World: r3wp

I had to go though the mezzanine code pretty carefully to consider 
what happens when functions are passed as arguments to the mezzanine 
functions. Some functions like REPLACE and ARRAY were modified to 
take advantage of that trick pretty nicely.

OK, but nothing of that kind applies to the case of BIND [...] 'some-variable

True, which is why I was convinced by that particular argument :)

then the ban on BIND to a function-context-bound word when the function 
isn't running has no security benefit
 :)

Yes, it only prevents some meaningful uses

Especially ones where the bound words are leaked intentionally to 
provide access to the context. It sounds worthy of a wish ticket 
in CureCode.

Unfortunately, the whole issue may be quite long to present completely

I'll write it up, if it's OK to copy some of your arguments from 
above into the ticket.

Anything

So, for the case of BIND [...] function the main difference is, that 
it cannot be done regardless of whether the function is running or 
not, which can be considered a security measure, then.

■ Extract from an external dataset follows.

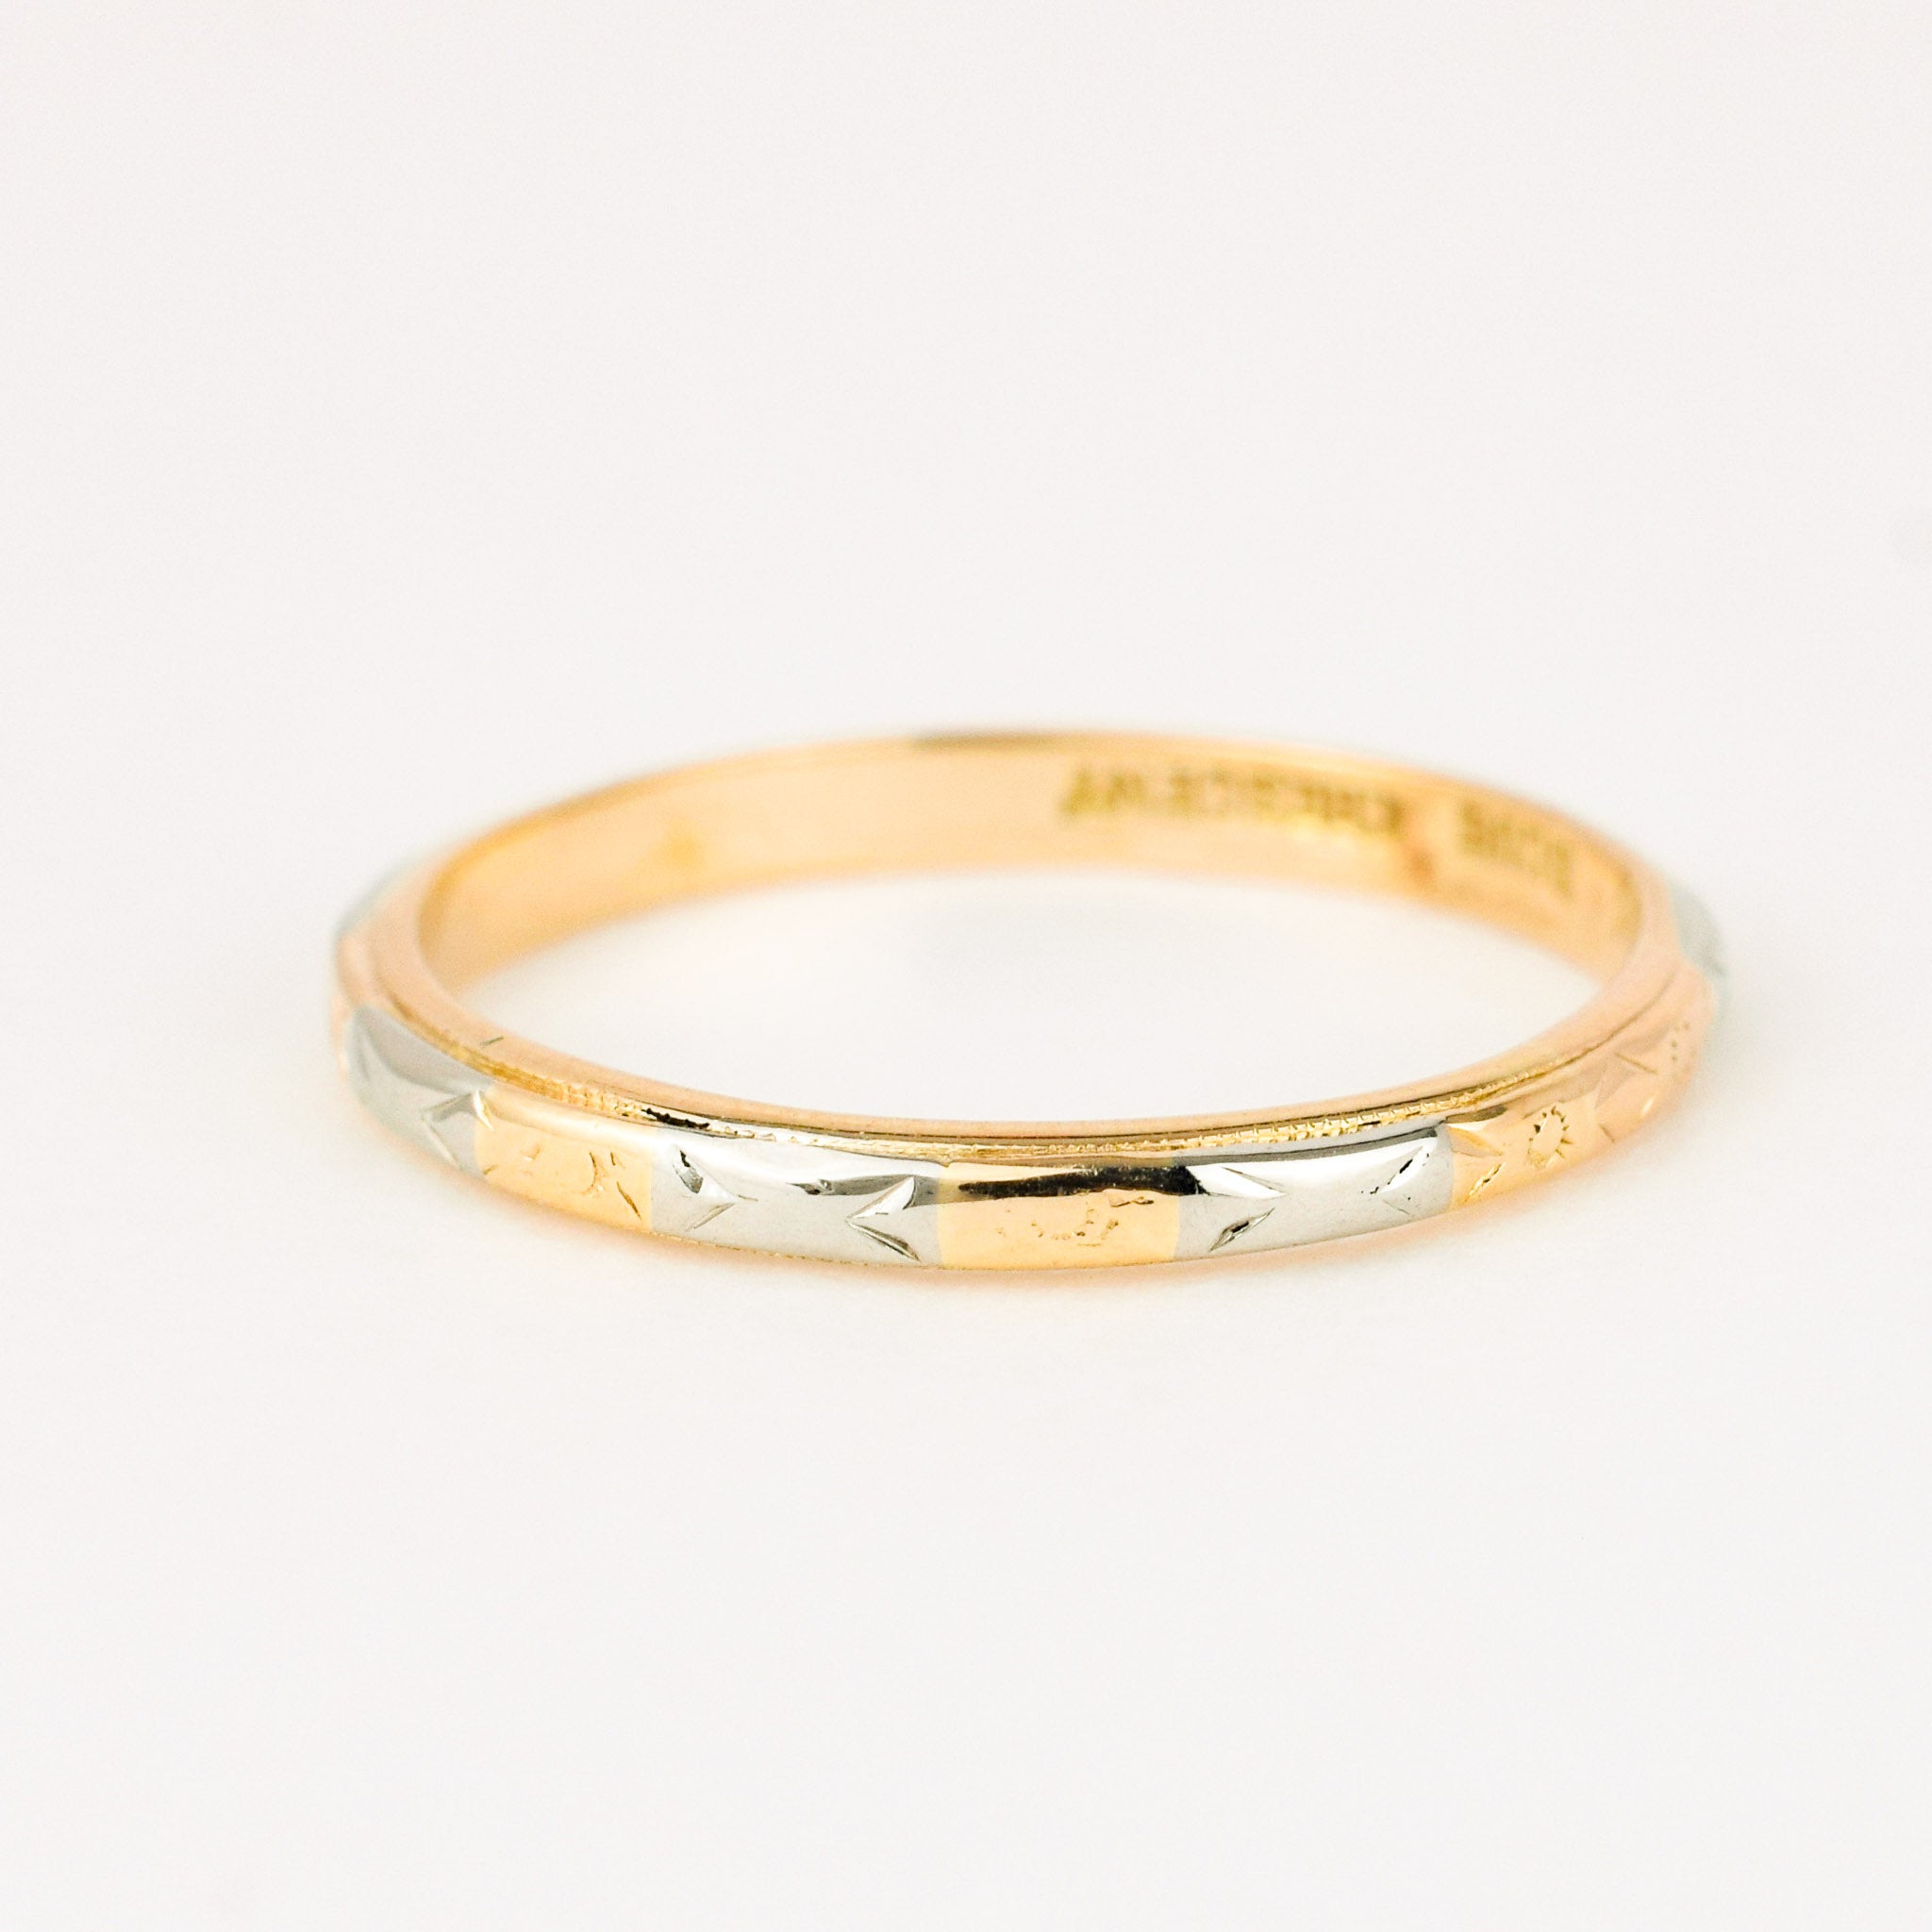 vintage gold intricate two-toned wedding band

Yup. And BODY-OF returning an unbound copy prevents code like this:
	print get second body-of :a

PROTECT/hide doesn't affect existing bindings, so you need to be 
careful about leaking those too.

Initial version of the ticket made: http://issue.cc/r3/1893

Supporting comment added.

would it not be practical if REMOVE-EACH could /SKIP ?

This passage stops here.